INFORMATION GIVEN:
★ ★ ★ ★ ★
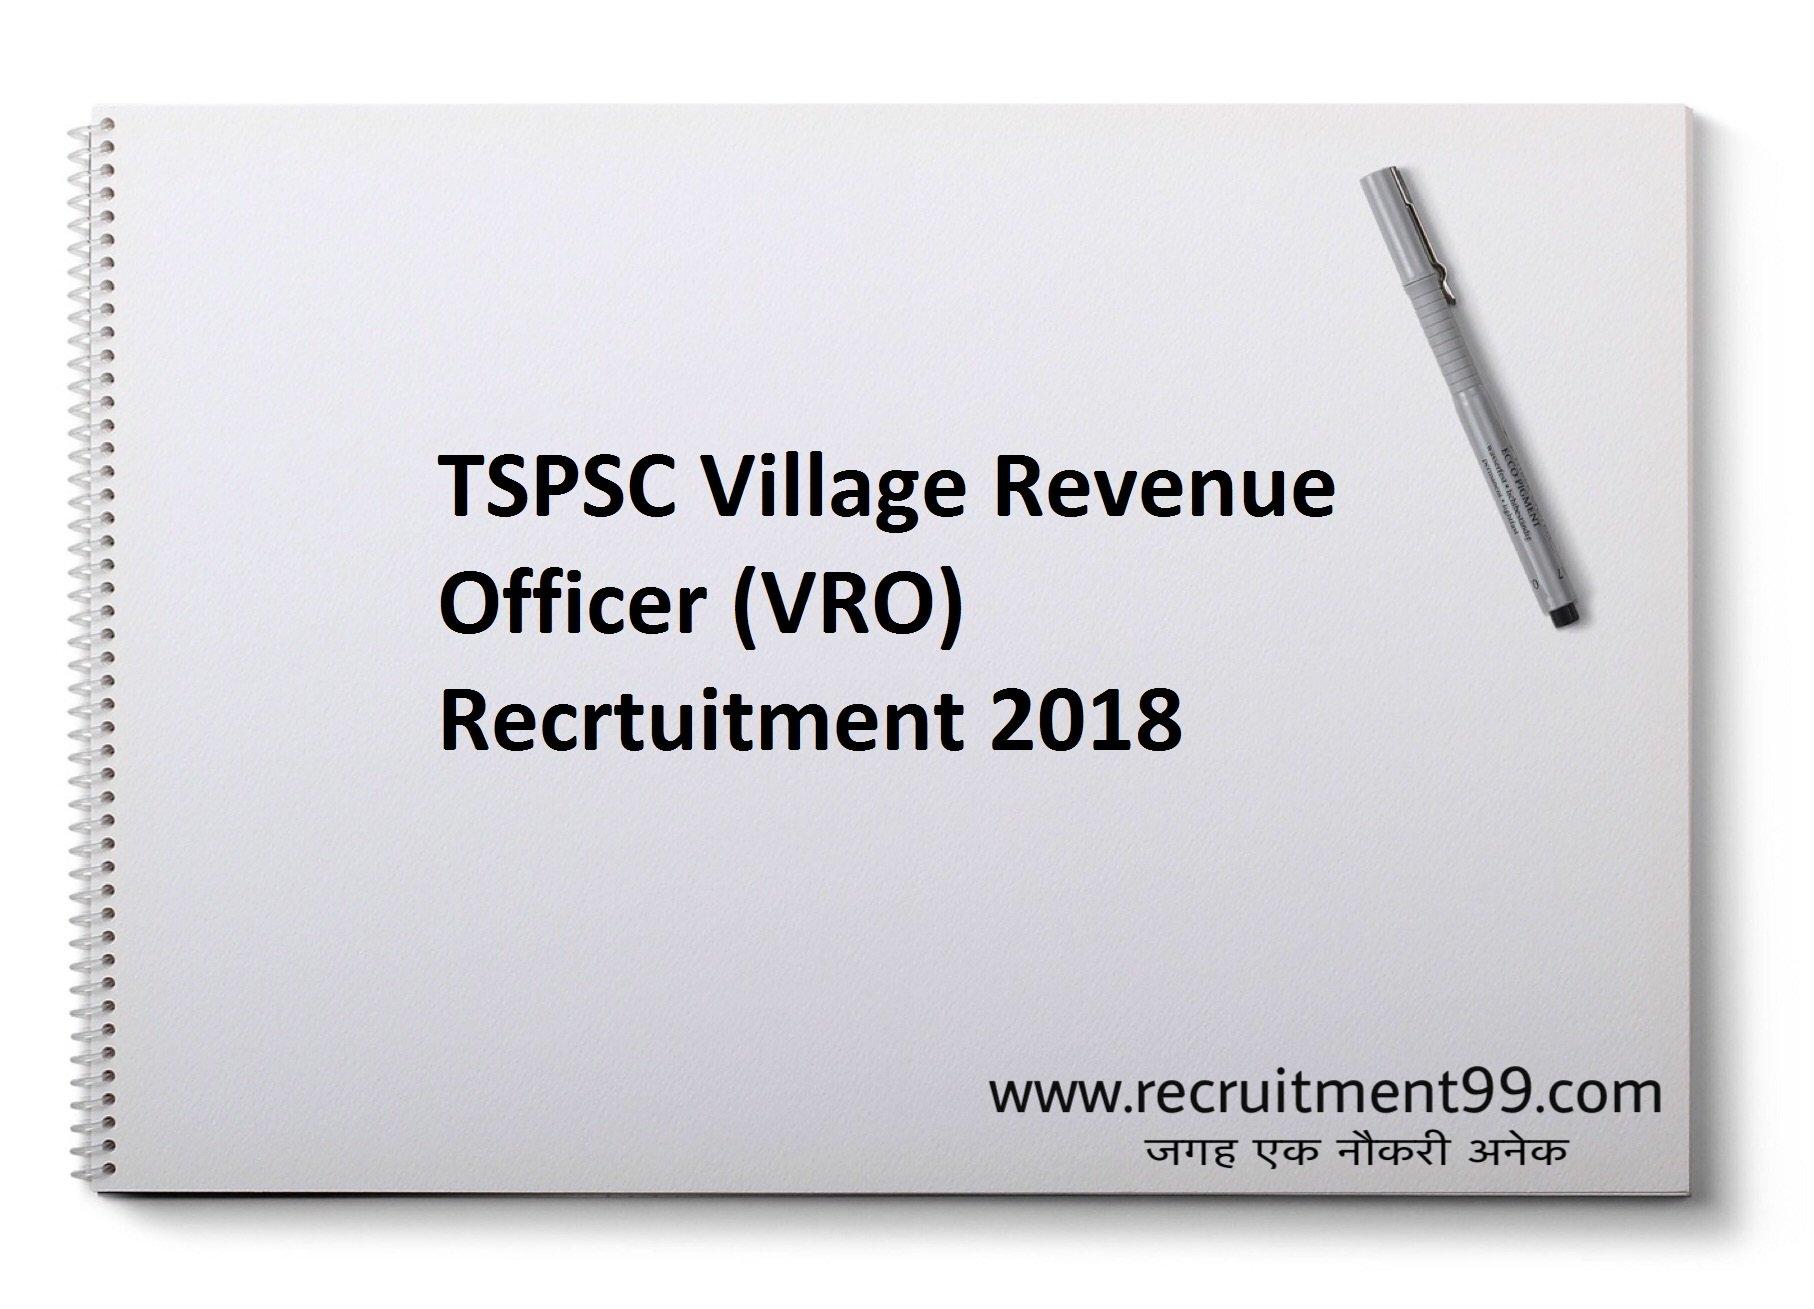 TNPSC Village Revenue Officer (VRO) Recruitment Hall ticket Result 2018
★ ★ ★ ★ ★
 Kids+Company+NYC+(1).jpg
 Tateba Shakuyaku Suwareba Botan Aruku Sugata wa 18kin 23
★ ★ ★ ★ ★
EXERCISE AIM:
From the entries above, give again exactly the lines running from the line with "Kids+Company+NYC+(1).jpg" to the line with "Tateba Shakuyaku Suwareba"; include both of those lines.

REPLY TO THE EXERCISE:
 Kids+Company+NYC+(1).jpg
 Tateba Shakuyaku Suwareba Botan Aruku Sugata wa 18kin 23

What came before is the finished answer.